A number consist of 3 digits.The middle digit is 0 and the sum of the first and last digits is 13.If the digits are reversed the number is increased by 297.Find the original number.MY SOLUTION: let x=the 1st digit & y=last digit x+y=13 i.e eqn1 & pls help
ok. you have
x+y = 13
The value of the number is 100x+y
So, reversed, it's 100y+x. So, your second equation is
100y+x = 100x+y + 297
Now just solve for x and y.
Great it is confusing some how
To solve this problem, we can use a system of equations.
Let's represent the three-digit number as "xyz," where x is the first digit, y is the second digit (which is 0), and z is the third digit.
We are given two conditions:
1. The sum of the first and last digits is 13: x + z = 13 (equation 1).
2. When the digits are reversed, the number is increased by 297: 100z + 10y + x = 100x + 10y + z + 297 (equation 2).

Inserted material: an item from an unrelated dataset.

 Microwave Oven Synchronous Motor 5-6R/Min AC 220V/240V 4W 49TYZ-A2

Since y = 0, we can simplify equation 2 to: 100z + x = 100x + z + 297.
Now, let's rearrange equation 1 to express x in terms of z: x = 13 - z.

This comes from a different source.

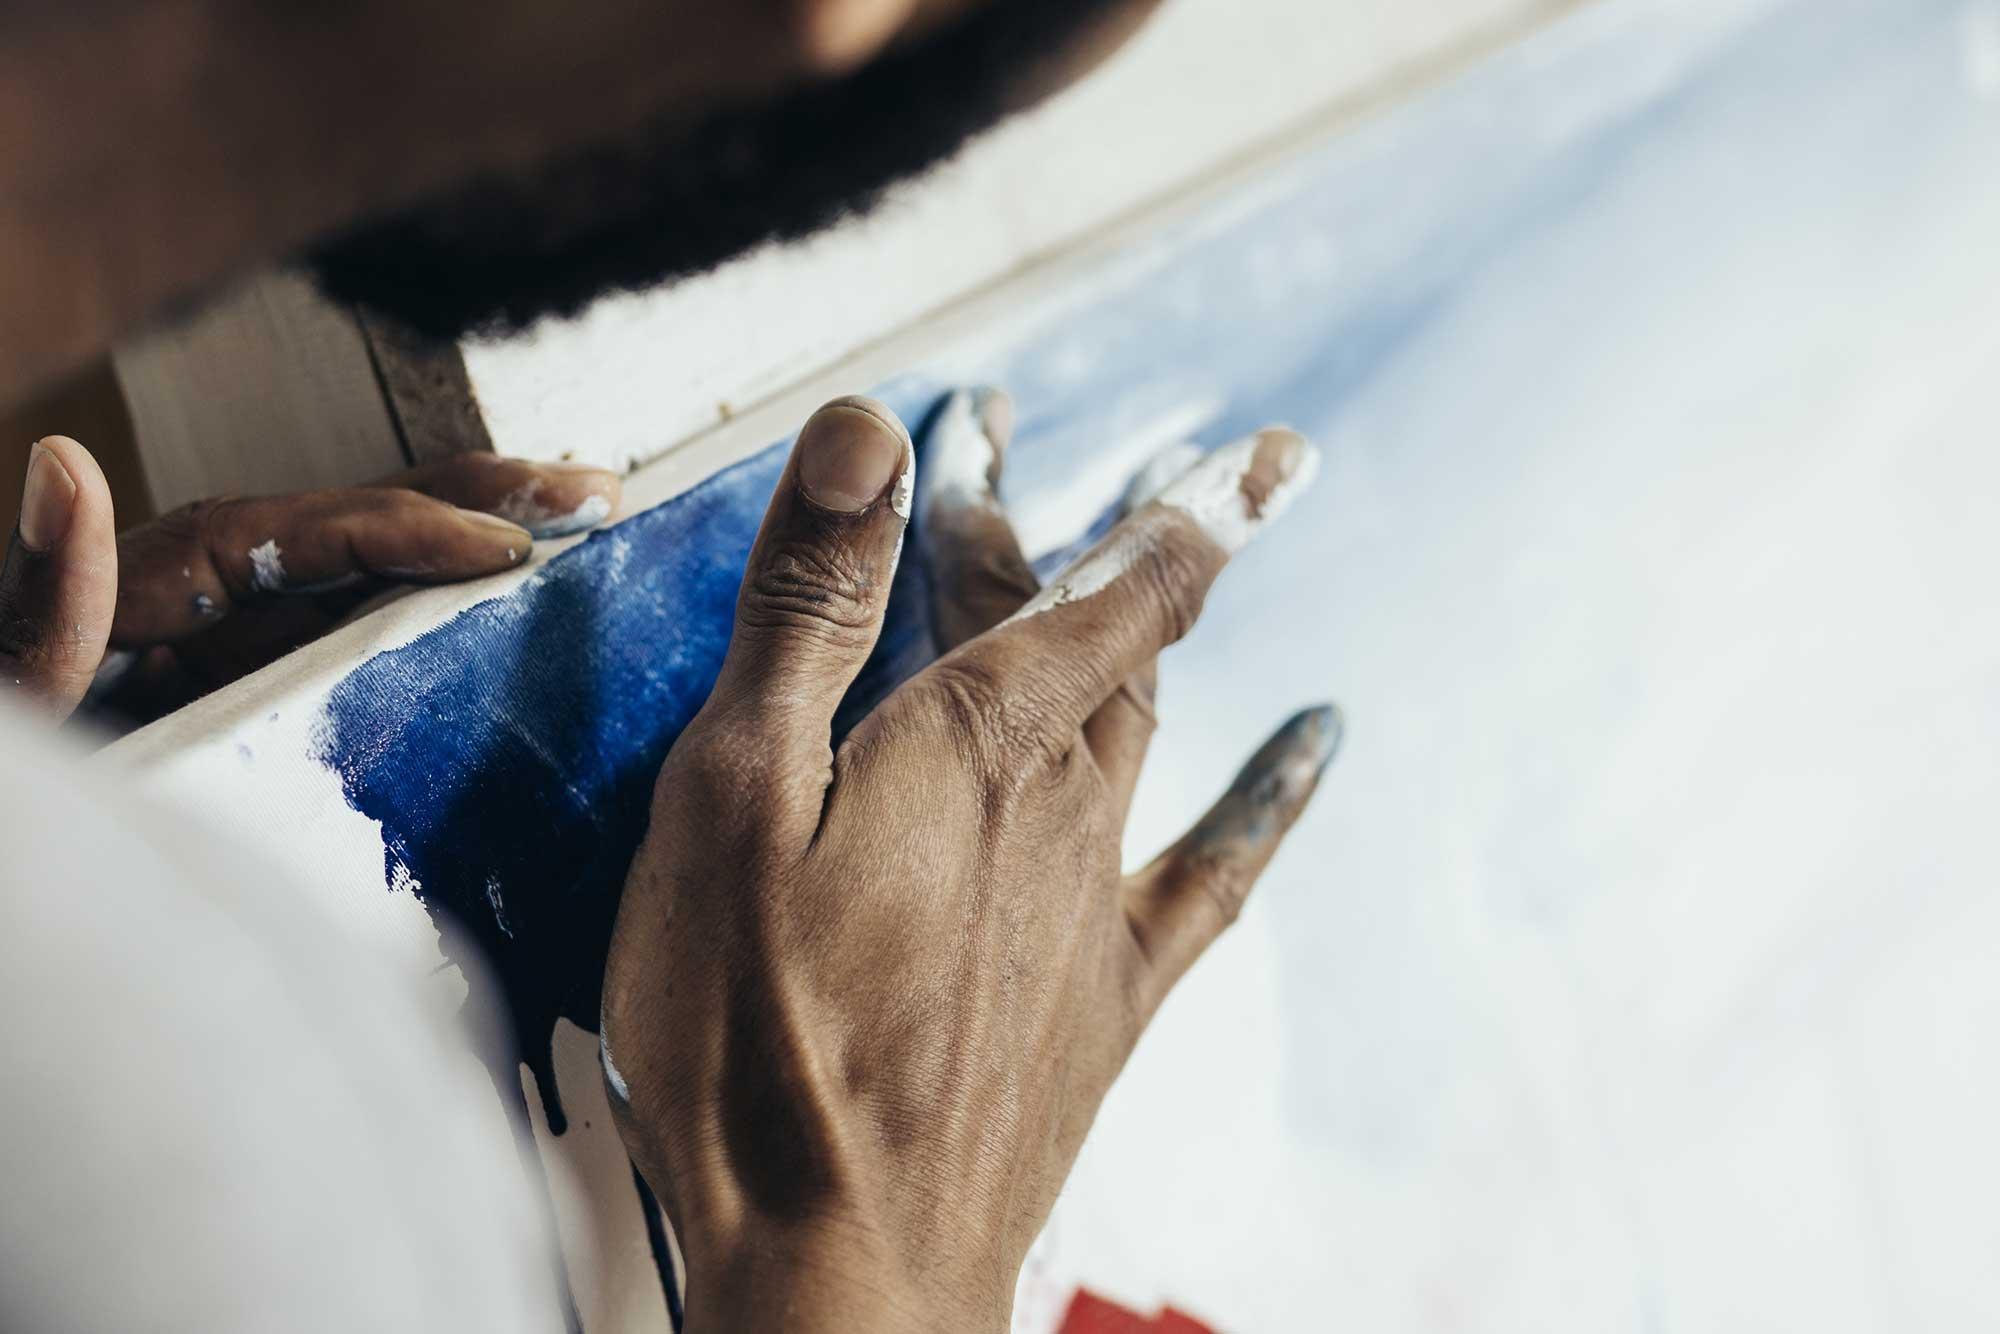 Artist using blue paint

Substitute this value of x into the simplified equation 2: 100z + (13 - z) = 100(13 - z) + z + 297.
Now, solve for z:
100z + 13 - z = 1300 - 100z + z + 297.
99z + 13 = 1597 - 99z.
99z + 99z = 1597 - 13.
198z = 1584.
z = 1584 / 198.
z = 8.
Now that we have z, we can substitute it back into equation 1 to find x:
x + 8 = 13.
x = 13 - 8.
x = 5.
Therefore, the original number is 508.